■ Input data ■
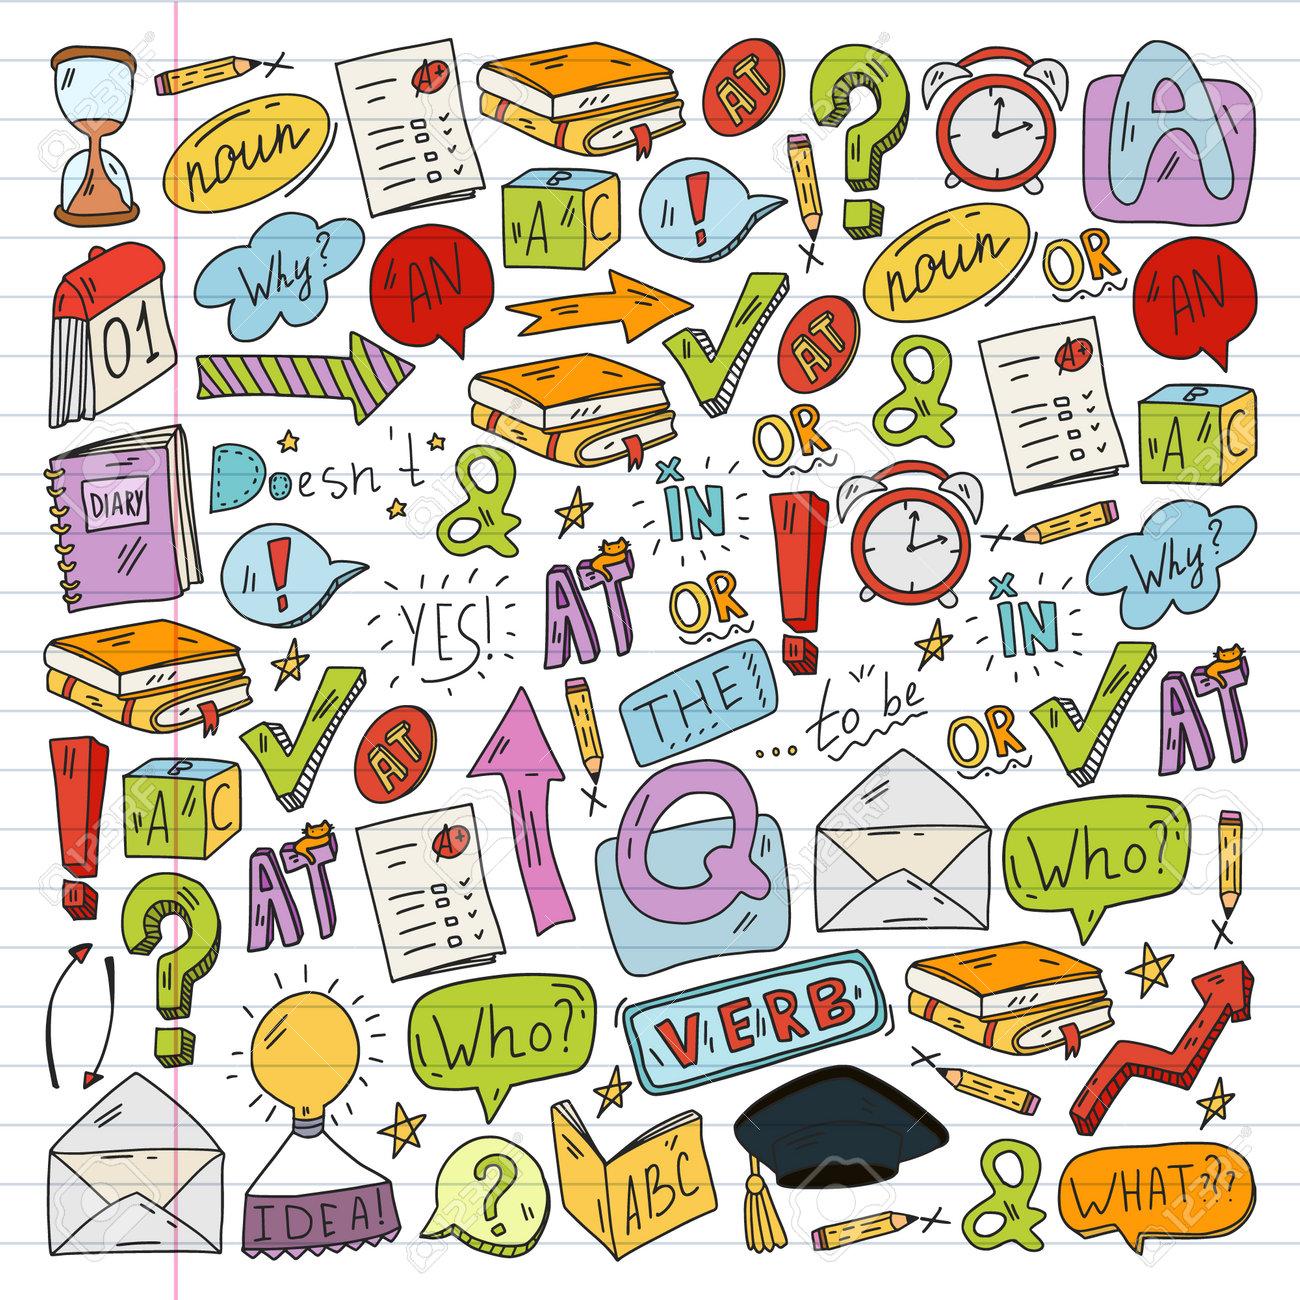 Doodle vector concept illustration of learning English language. English language courses. School. College. University. - 173370492
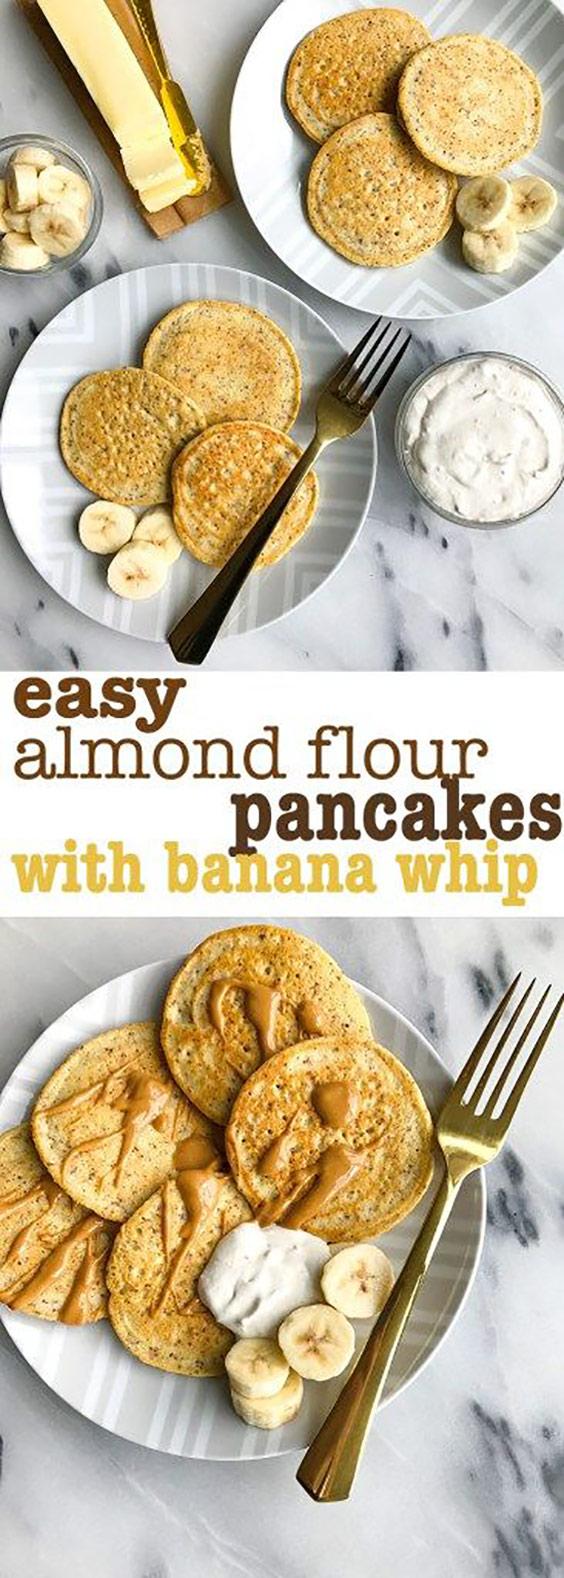 Easy Almond Flour Pancakes with Banana Whipped Cream
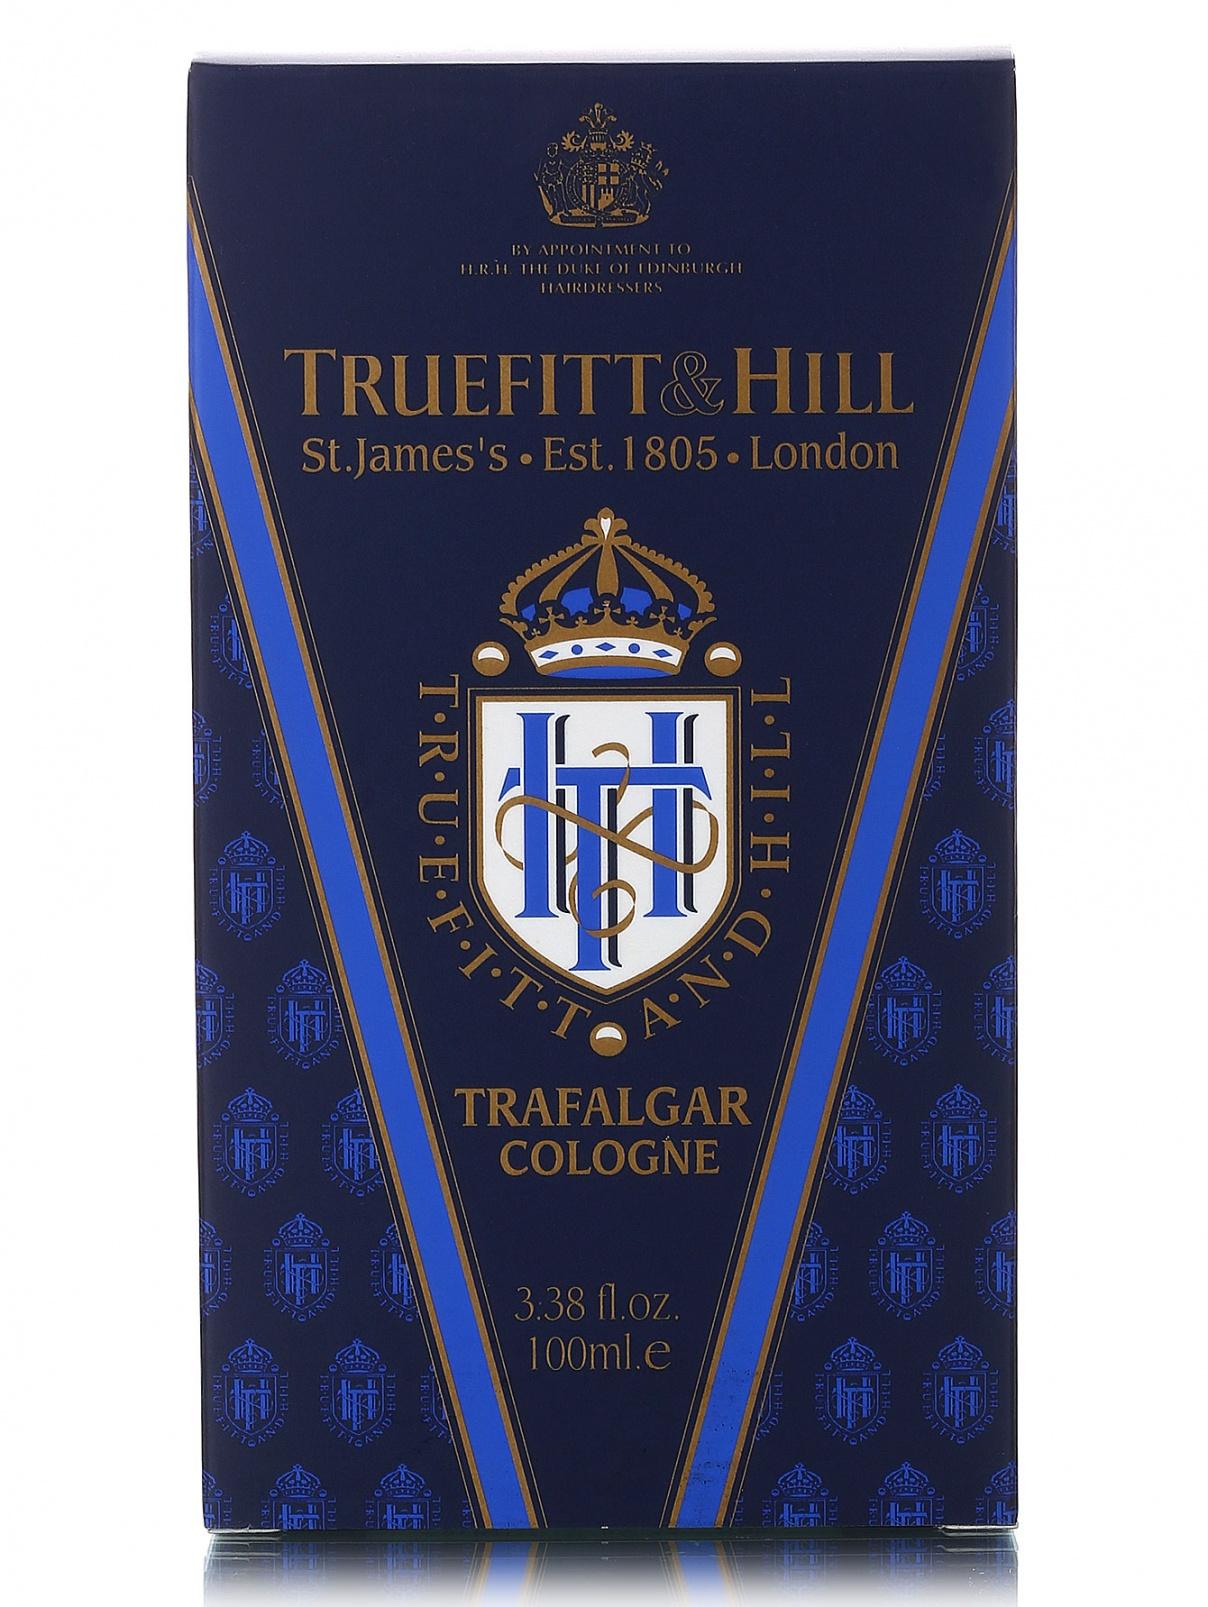 Одеколон - Trafalgar, 100ml Truefitt & Hill  –  Модель Общий вид

■ Problem to work on ■
Print the whole listing exactly, please, and keep any images out of it.

■ Response to this exercise ■
 Doodle vector concept illustration of learning English language. English language courses. School. College. University. - 173370492
 Easy Almond Flour Pancakes with Banana Whipped Cream
 Одеколон - Trafalgar, 100ml Truefitt & Hill  –  Модель Общий вид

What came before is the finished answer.